Of the 88 patients, 26.1% relapsed. There was no between-group difference in disease duration, gender, resection antecedents, or relapse frequency. Our results showed that the specific stress induced by the physical impact of the disease (OR = 3.53; 95% CI: 1.07–11.68) and the loss of resources (OR = 4.98; 95% CI: 1.35–16.93) at baseline and 1 month prior to the relapse (OR = 2.91; 95%: 1.00–8.46; OR = 5.98; 95% CI: 1.80–19.77) were risk factors. We found no between-group difference regarding perceived stress and daily hassles. The use of emotion-focused coping strategies increased the risk of relapse 1 month prior to the relapse (OR = 5.63; 95% CI: 1.69–18.72), in contrast with problem-focused focus coping or social support seeking. Disease-specific, but not generic quality of life factors were risk factors for relapse (OR = 6.33; 95% CI: 1.79–22.39). Indeed, we observed that patients with a poorer quality of life related to digestive system problems were at increased risk of relapse (OR = 3.33; 95% CI: 1.06–10.44). Moreover, the quality of life related to emotions (OR = 8.80; 95% CI: 0.83–89.12) and social consequences (OR = 69.93; 95% IC: 2.03–23.63) appeared as risk factors for relapse.
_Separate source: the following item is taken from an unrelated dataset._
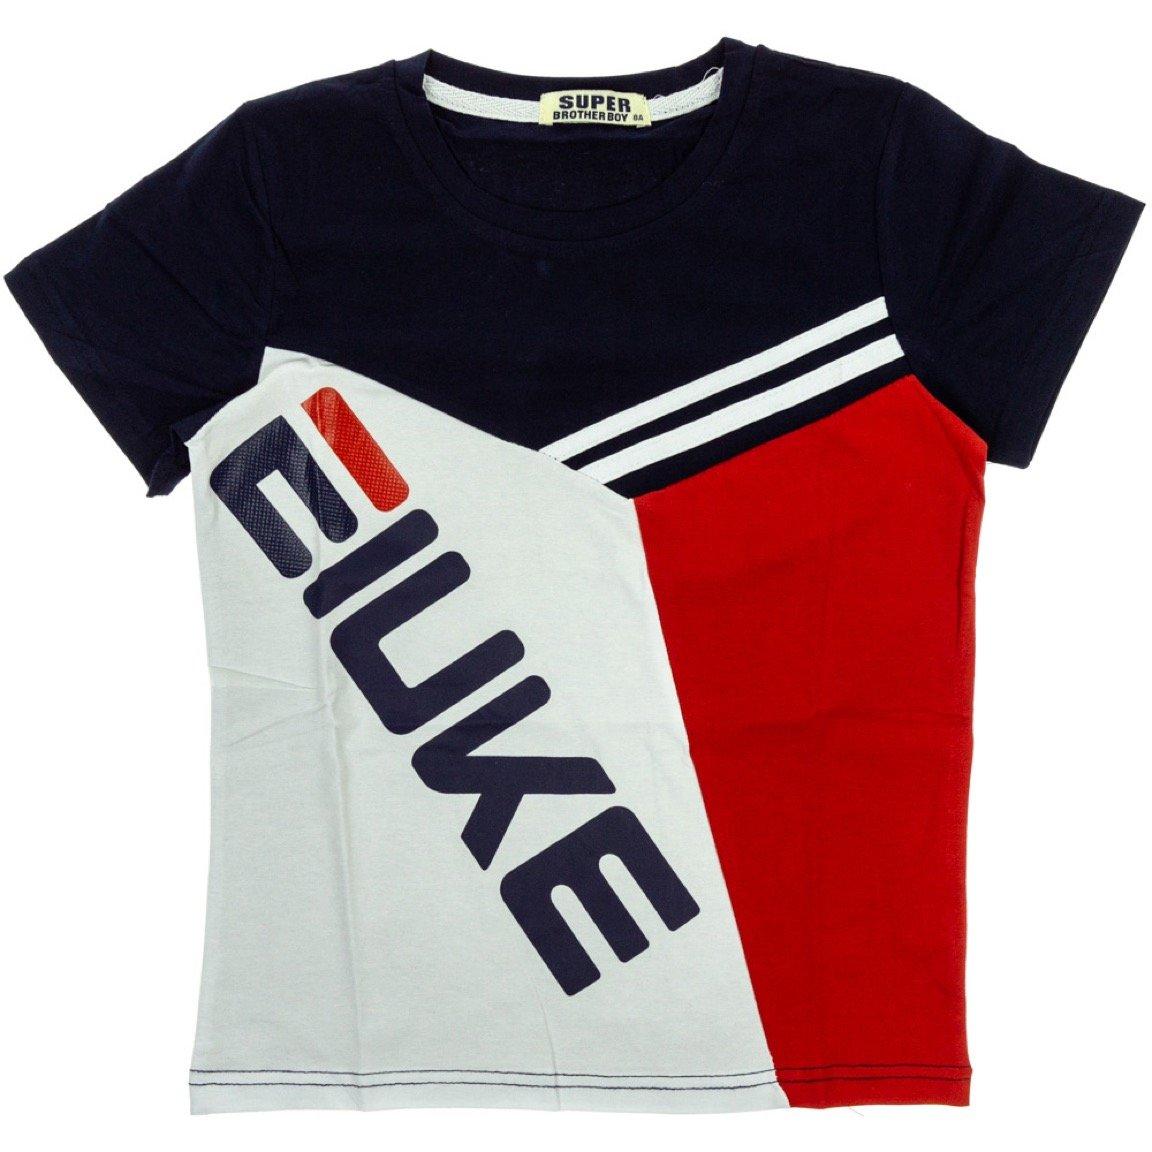 Super Brother παιδική μπλούζα «Dark Eiuke»

The psychosocial factors associated with chronic disease are the best predictors of relapse in Crohn's disease. Except emotion-focused coping, the psychological risk factors for relapse are specific of chronic disease. A poorer quality of life increases the relapse of Crohn's disease, like the chronic disease stressors. Our study shows that the impact of stressors and quality of life on relapse is stable, at inclusion time and 1 month prior to the relapse. Concerning the stability and specificity of risk factors, the vulnerabilities related to the conscious and unconscious experience of the disease in patients who have relapsed are discussed. Stressors related to physical repercussions, loss of resources and emotion-focused coping could be explained by a difficulty in elaborating the experience of the illness. This study sheds new light on relapse vulnerabilities and on therapies for patients.